- Occupation: Professor at the University of the Witwatersrand

Academic background
- Education: University of Cape Town (BA, LLB) University of Cambridge (MPhil, PhD)
- Thesis: A critical analysis of political trials in South Africa 1948–1988 (1991)

Academic work
- Discipline: Constitutional law
- Main interests: Human rights, equality and social justice, gender

= Cathi Albertyn =

South African academic

Catherine Hester Albertyn is a South African academic who is a professor of law at the University of the Witwatersrand, where she holds the South African Research Chair in Equality, Law and Social Justice. Known for her work in constitutional law, she has been a professor at the university since 2001 and formerly ran its Centre for Applied Legal Studies between 2001 and 2007. She has also served as a commissioner at the Commission for Gender Equality and the South African Law Reform Commission.

== Education ==
She entered the University of Cape Town in 1977, completing a BA in 1979 and a LLB in 1982. Thereafter she attended the University of Cambridge, where she received an MPhil in criminology and law in 1984 and a PhD in law in 1992. While completing her PhD, in 1991, Albertyn was admitted as an attorney of the High Court of South Africa.
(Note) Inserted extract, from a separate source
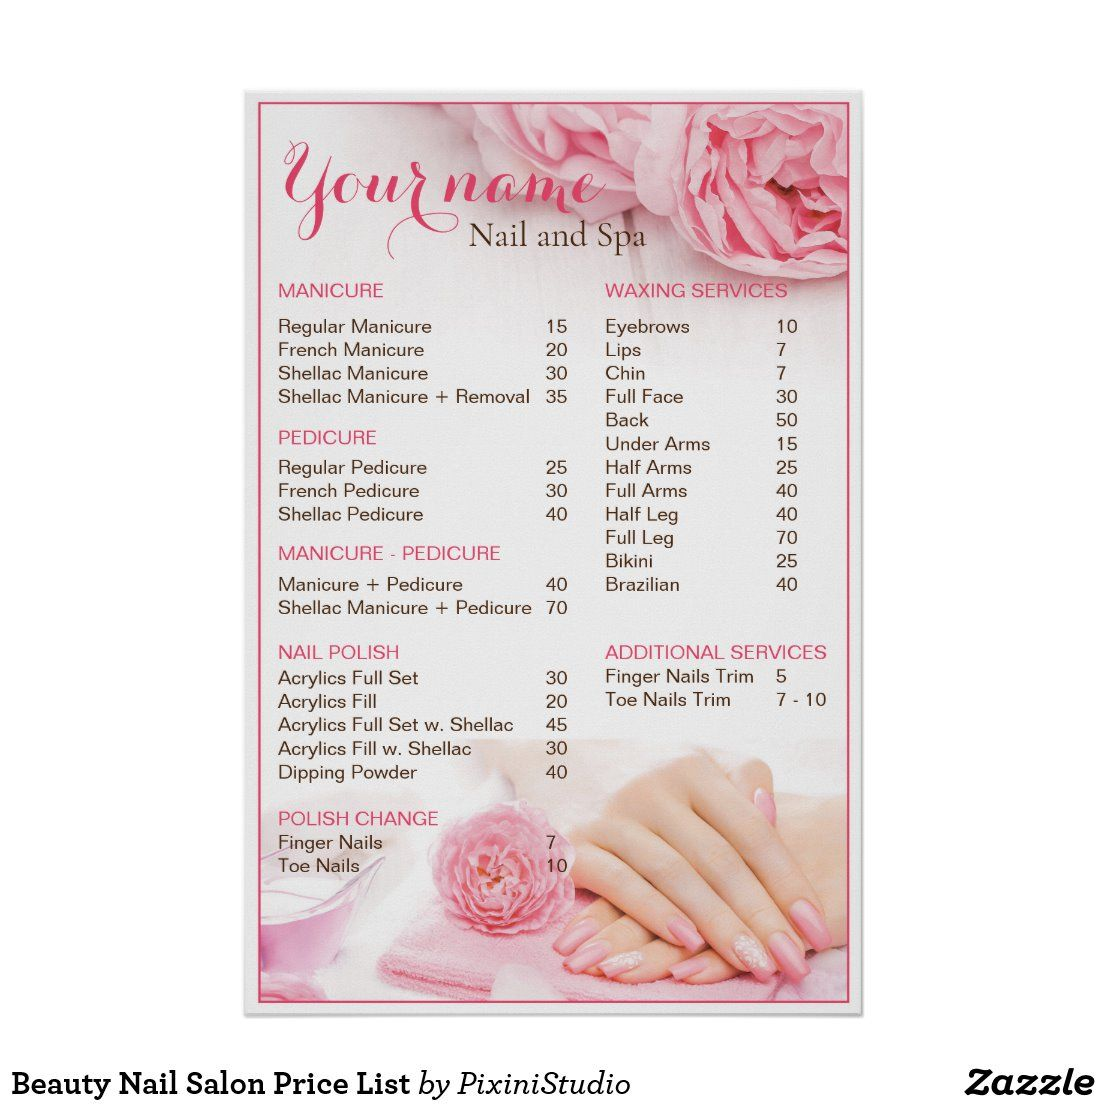 Beauty Nail Salon Price List Poster Zazzle Com In 2020 Nail Salon Prices Beauty Nail Salon Salon Price List
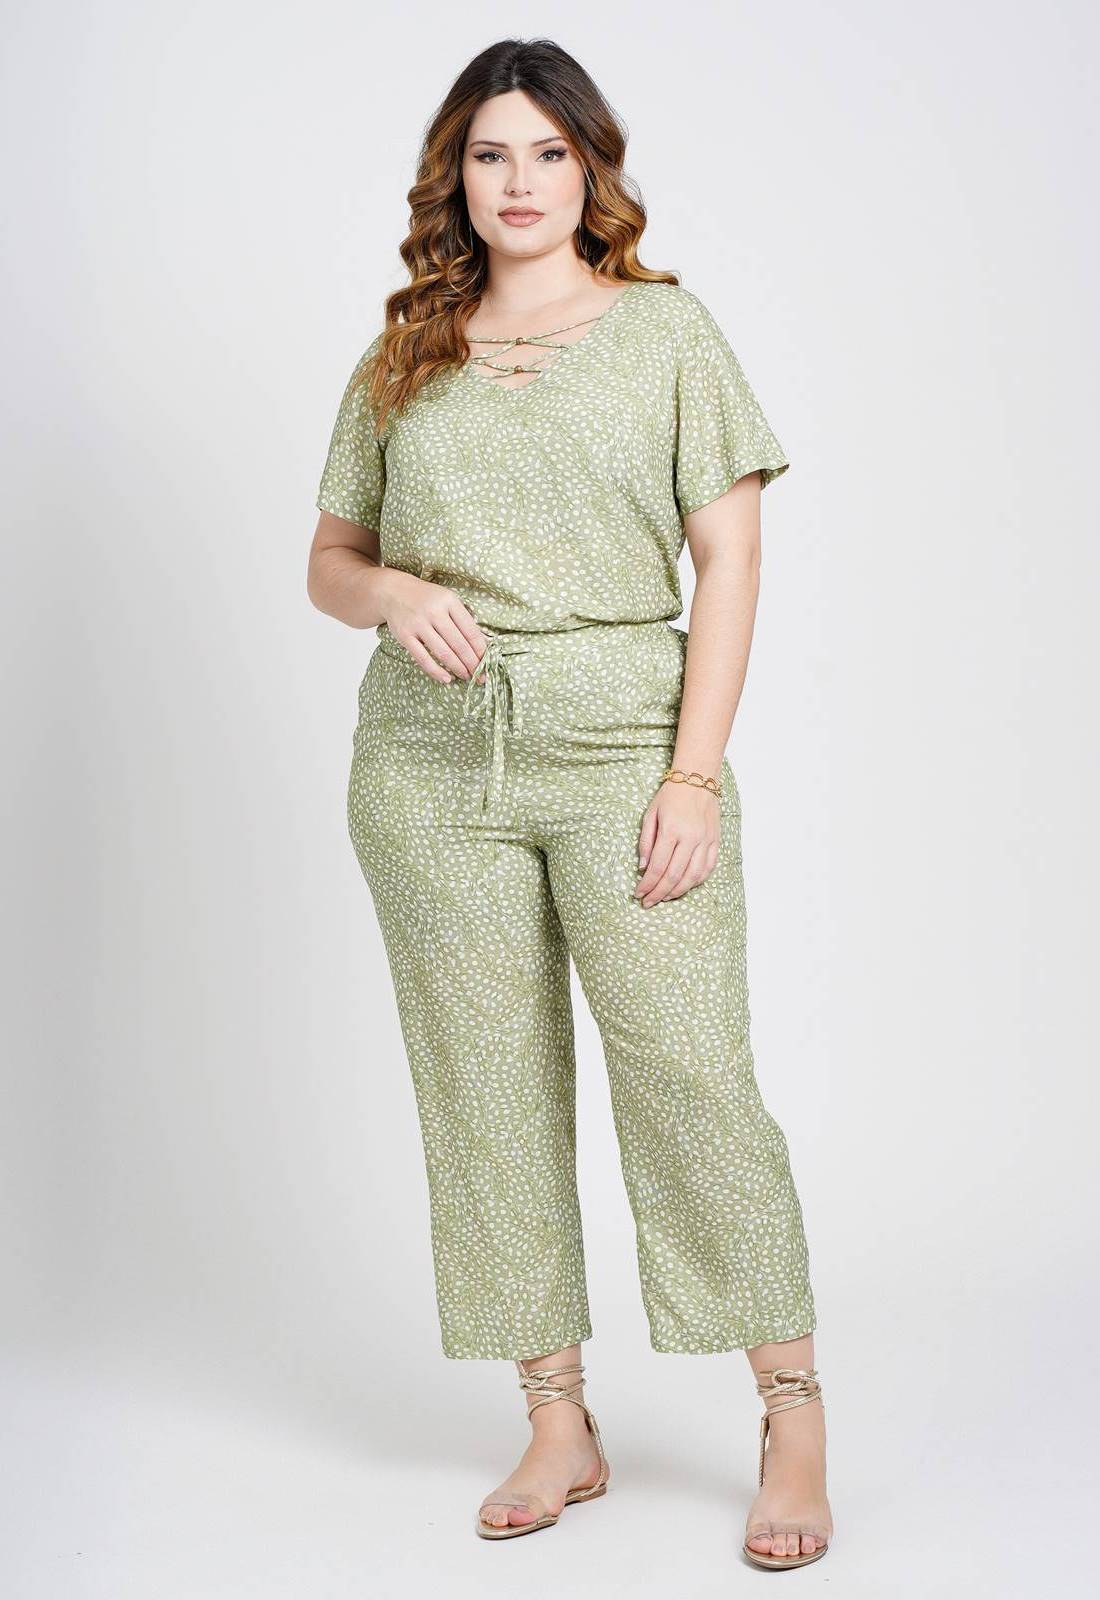 Conjunto plus size pantacourt blusa e calça verde Ref. U82221

== University of the Witwatersrand ==
Between 1992 and 2007, Albertyn worked at the Centre for Applied Legal Studies (CALS), a research and litigation institute attached to the University of the Witwatersrand (Wits) in Johannesburg. She was a senior researcher and head of the CALS Gender Research Project from 1992 to 2001. At the same time, President Nelson Mandela appointed her to the inaugural Commission for Gender Equality in 1997, and she was hired by Wits as an associate professor of law in 1999.

In 2001, Albertyn was promoted to become full professor and overall director of CALS. While she was still holding that position, in 2005, the Judicial Service Commission shortlisted her as a candidate to fill Arthur Chaskalson's empty seat on the Constitutional Court of South Africa. She interviewed for the vacancy in October 2005, but Bess Nkabinde was appointed instead.

Albertyn left her position at CALS at the end of April 2007, but she remained a professor at Wits and also became a commissioner at the South African Law Reform Commission, where she served between 2007 and 2011. In May 2018, the National Research Foundation (NRF) appointed her as South African Research Chair in Equality, Law and Social Justice. The chair is hosted by Wits, where she remains a professor of law.

== Scholarship ==
Albertyn is rated a B1-level researcher by the NRF. Her research focuses on constitutional law and social justice, with a particular interest in equality and gender equality. An article by Albertyn about substantive equality, published in 2018 in the South African Journal on Human Rights, was cited in the Constitutional Court's judgement in Mahlangu v Minister of Labour.

== Other positions ==
Albertyn co-founded the Reproductive Rights Alliance while she was at CALS. She has also served on the executive board of the Council for the Advancement of the South African Constitution, as well as on the editorial boards of the South African Journal on Human Rights, the University of Oxford Human Rights Hub Journal, and the South African Judicial Education Journal.

== Other honours ==
Albertyn is a member of the Academy of Science of South Africa. In October 2023, Wits awarded her its Supervision Award in recognition of her excellent record in postgraduate student supervision.